Thursday, 21 November 2019

Best of the best: Who makes the most accurate decisions in expert groups?

NOVEMBER 20, 2019, by Max Planck Society

Credit: CC0 Public Domain

Experts don't always agree with one another when making predictions or diagnoses. So how can we find out which expert in a group makes the best and most accurate decisions? An interdisciplinary team of researchers at the Max Planck Institute for Human Development and the Leibniz Institute of Freshwater Ecology and Inland Fisheries has developed a simple method for identifying the most accurate experts and tested it successfully in various groups. Their findings have been published in Science Advances.

Does a mass on a mammogram indicate breast cancer? Will Serbia be a member of the EU by 2025? Will there be more floods in Germany in five years' time? The diagnoses and predictions made by doctors, scientists, and experts often have far-reaching consequences. And in many cases, it is only years later that it is possible to say which expert made the right call most often.

An interdisciplinary research team from the Max Planck Institute for Human Development and the Leibniz Institute of Freshwater Ecology and Inland Fisheries has developed a simple new method that can be used to identify the best decision-makers from a group of experts without having to know whether their decisions—past or present—are correct or incorrect. "Providing that at least half of all decisions made within the group are correct—which is typically the case in expert groups—and that each person has made about 20 yes/no decisions, this method has proved to work very well," says Max Wolf, researcher at the Leibniz Institute of Freshwater Ecology and Inland Fisheries and co-author of the study.

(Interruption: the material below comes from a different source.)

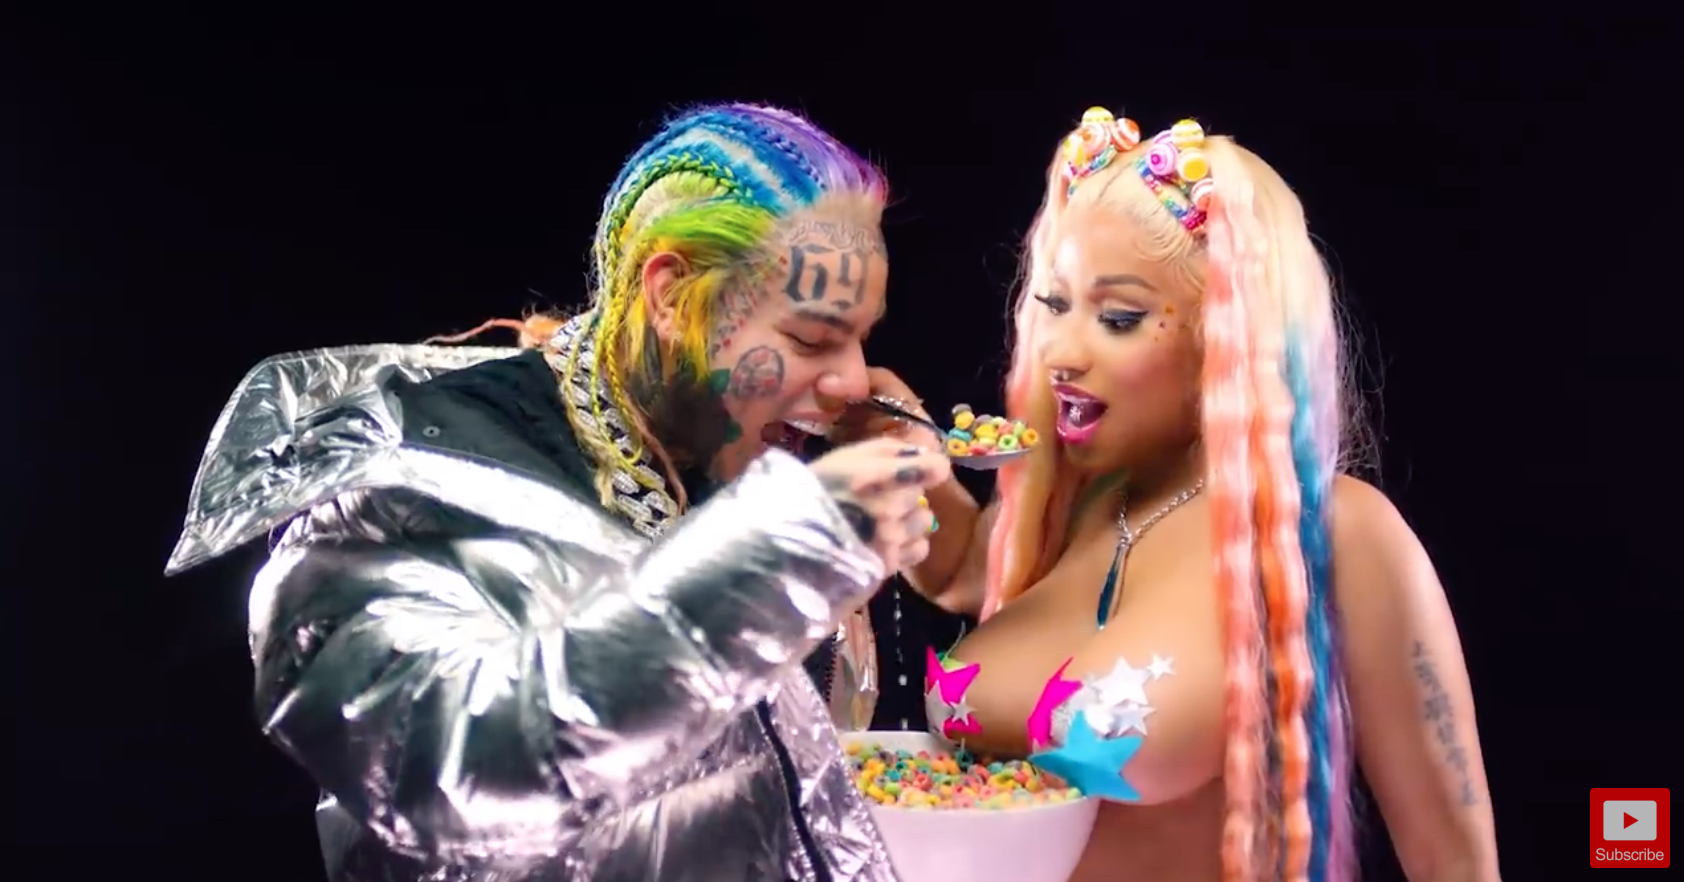 6ix9ine and Nicki Minaj’s ‘Trollz’ Debuts at No. 1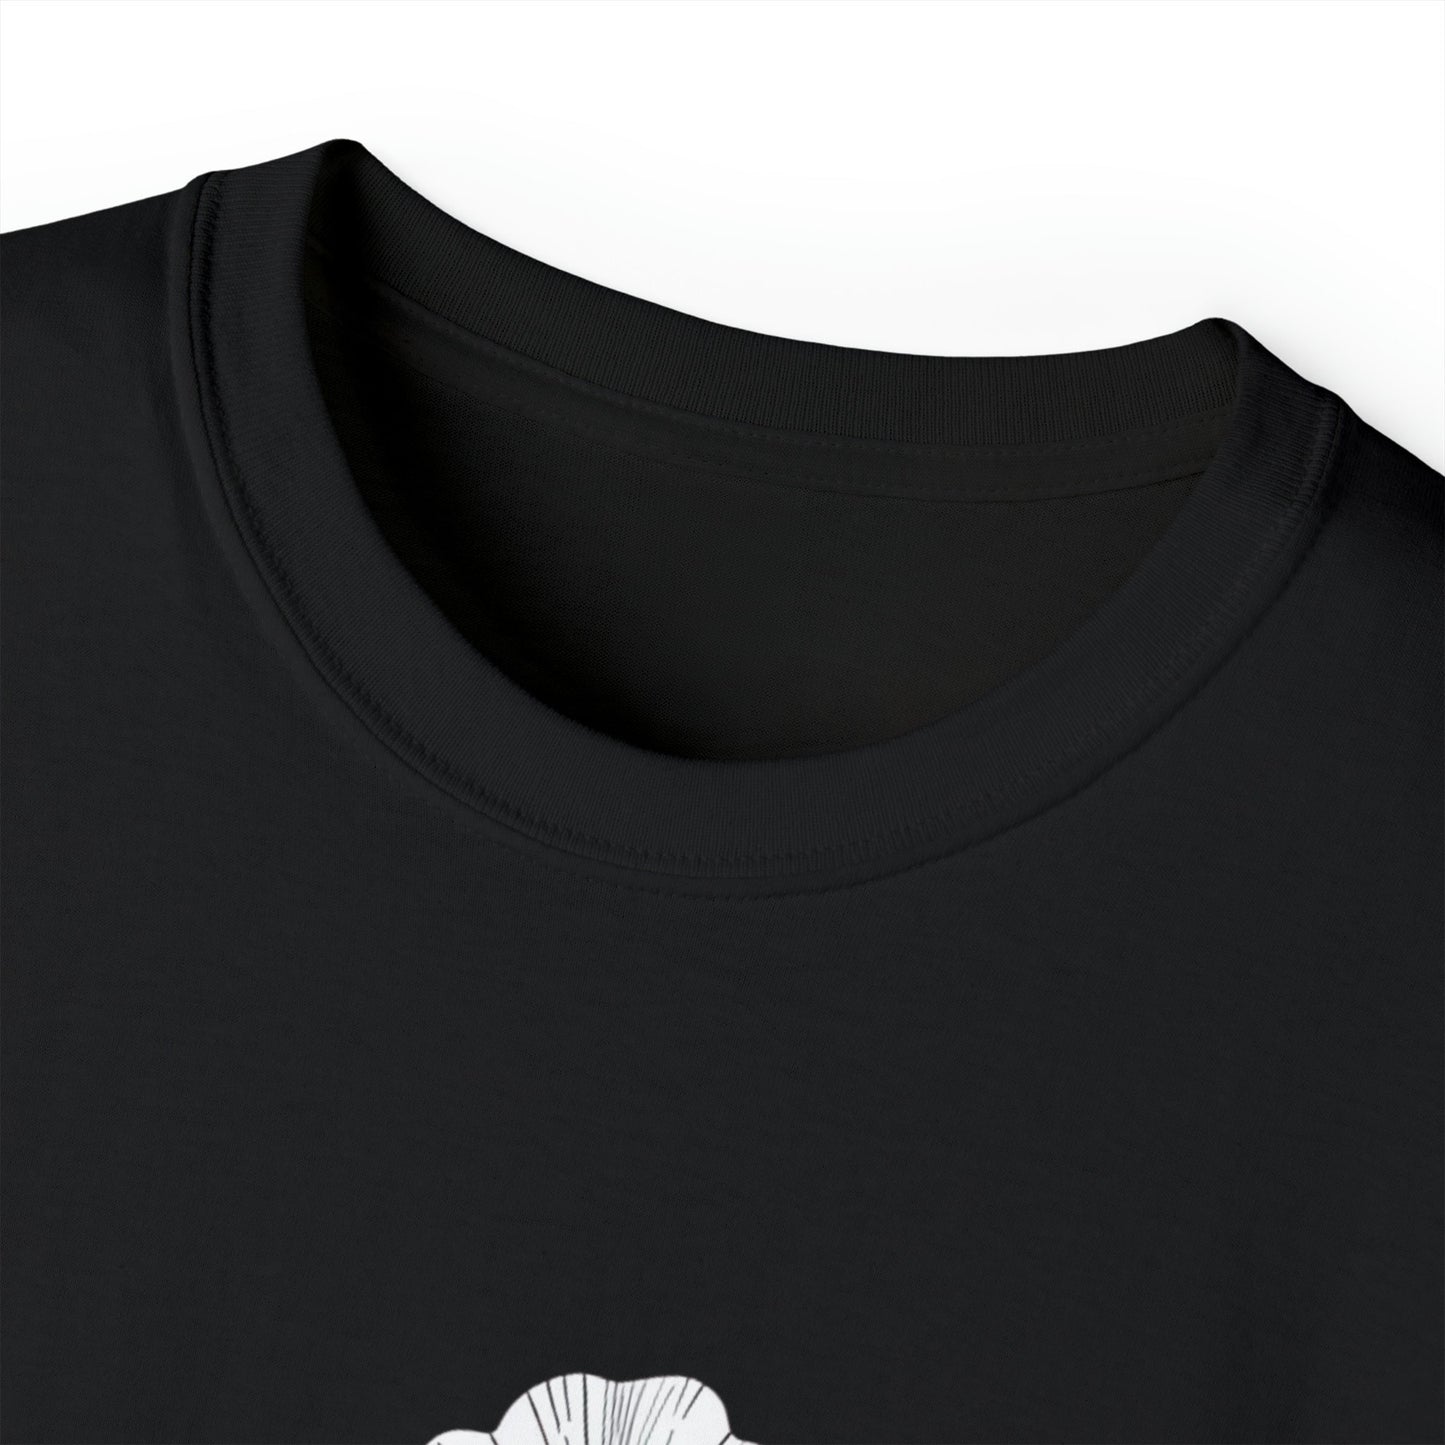 Sleek Capybara T-Shirt - Humorous Gift for Men, Women, and Kids with Stylish Line Art Design

The method was developed on the basis of insights into collective intelligence. It rests on a simple assumption: Those individuals in a group of experts who make decisions that are most similar to the decisions of others also make the best decisions. For yes/no decisions, this assumption is easily confirmed by means of mathematical modeling. To test whether the method also works in real groups, the researchers analyzed published predictions and diagnoses made by various groups in different fields.

For example, the researchers examined the diagnoses made by 100 radiologists in the U.S. In the early 2000s, the radiologists interpreted the mammograms of 155 women to determine whether or not they had breast cancer. The research team analyzed the data to identify the radiologists whose decisions were, on average, most similar to the decisions of the others. As they had access to follow-up information on the health status of the 155 women screened, the researchers were also able to determine which radiologists made the most accurate and thus best diagnoses. They were the same radiologists as those identified using the new statistical method.

"It has been shown time and again that experts who are good in their field are good in a similar way, whereas poor performers are bad in very different ways. Working on the basis of this observation, we developed this new method and tested it in various areas," says Ralf Kurvers, lead author and researcher at the Center for Adaptive Rationality at the Max Planck Institute for Human Development.

In addition to radiologists' diagnoses, the research team analyzed skin cancer diagnoses made by 40 Italian dermatologists; geopolitical predictions made by 90 forecasters on the online platform Good Judgment Project; and the results of a simple general knowledge test, in which 100 participants were asked to identify the larger of two American cities.

"We believe that the relationship between similarity and accuracy of decisions can be an effective tool for practice. The method can be used to improve collective and individual decision-making processes in medical diagnostics, environmental risk analyses, and the business world," says co-author Stefan Herzog, also a researcher at the Center for Adaptive Rationality.